Sizing for Data Types

When you calculate the raw_size of different data types, it is distinguished among CHAR, VARCHAR, and all other (numeric, data, boolean) data types. The categories and the sizes of the data types are described in the following sections.

VARCHAR(x)

This data type is proportional to the number of characters in a string. For example, a text string 12345 has raw_size 5 even if the VARCHAR(100). However, the UTF-8 characters use more than 1 byte per character. Therefore, generic UTF-8 strings of type VARCHAR may use up to 4*<number of characters in a string bytes.

CHAR(x)

This data type always has at least x bytes. Using the above example, a text string 12345 with data type CHAR(100) will have at least 100 bytes of raw_size. It will be more if UTF-8 characters used.

Other Types

The other data types have a fixed size. The following table describes the raw_size for some common data types.

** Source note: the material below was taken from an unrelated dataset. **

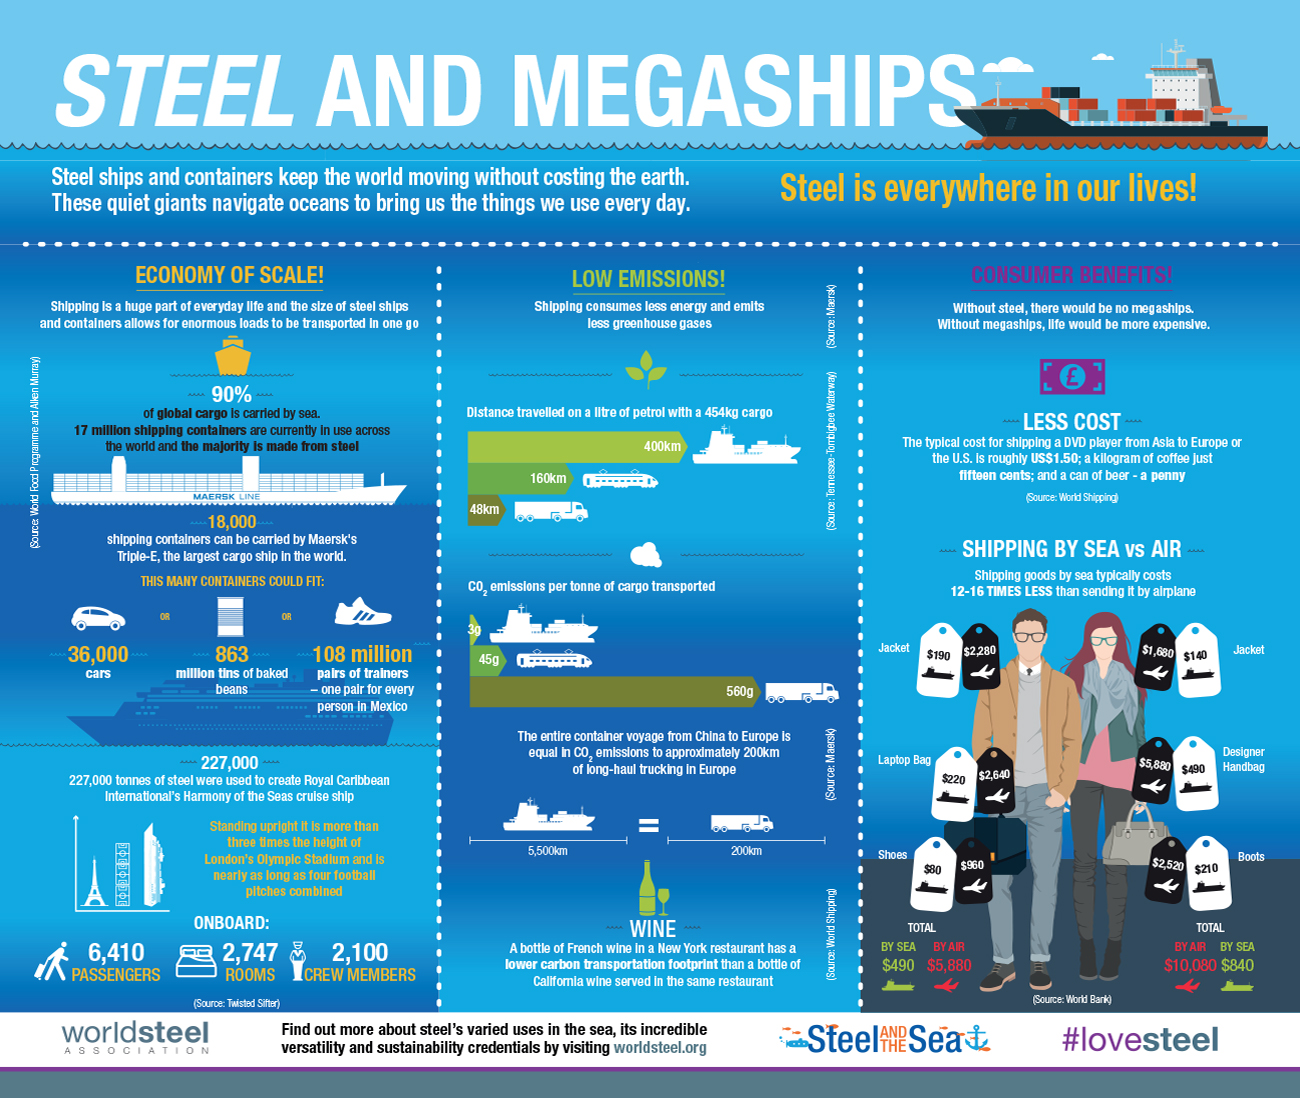 10 Ways Steel is Used at Sea

Data Type Raw Size in Bytes
DATE 3
TIMESTAMP 7
DECIMAL(18,0) 8
DECIMAL(36,0) 16
DECIMAL(9,0) 4
BOOLEAN 1

Calculate Mem and Raw Size

For any column of a table, you can use get the mem_size and the raw_size by looking up $EXA_COLUMN_SIZES. The mem_size and the raw_size is always in bytes.

Do the following to calculate the raw_size of a data type:

  1. Create a dummy table containing columns with the required data types.
  2. Insert some rows in the table.
  3. Look up the $EXA_COLUMN_SIZES in the table and divide the column raw_size by the number of rows.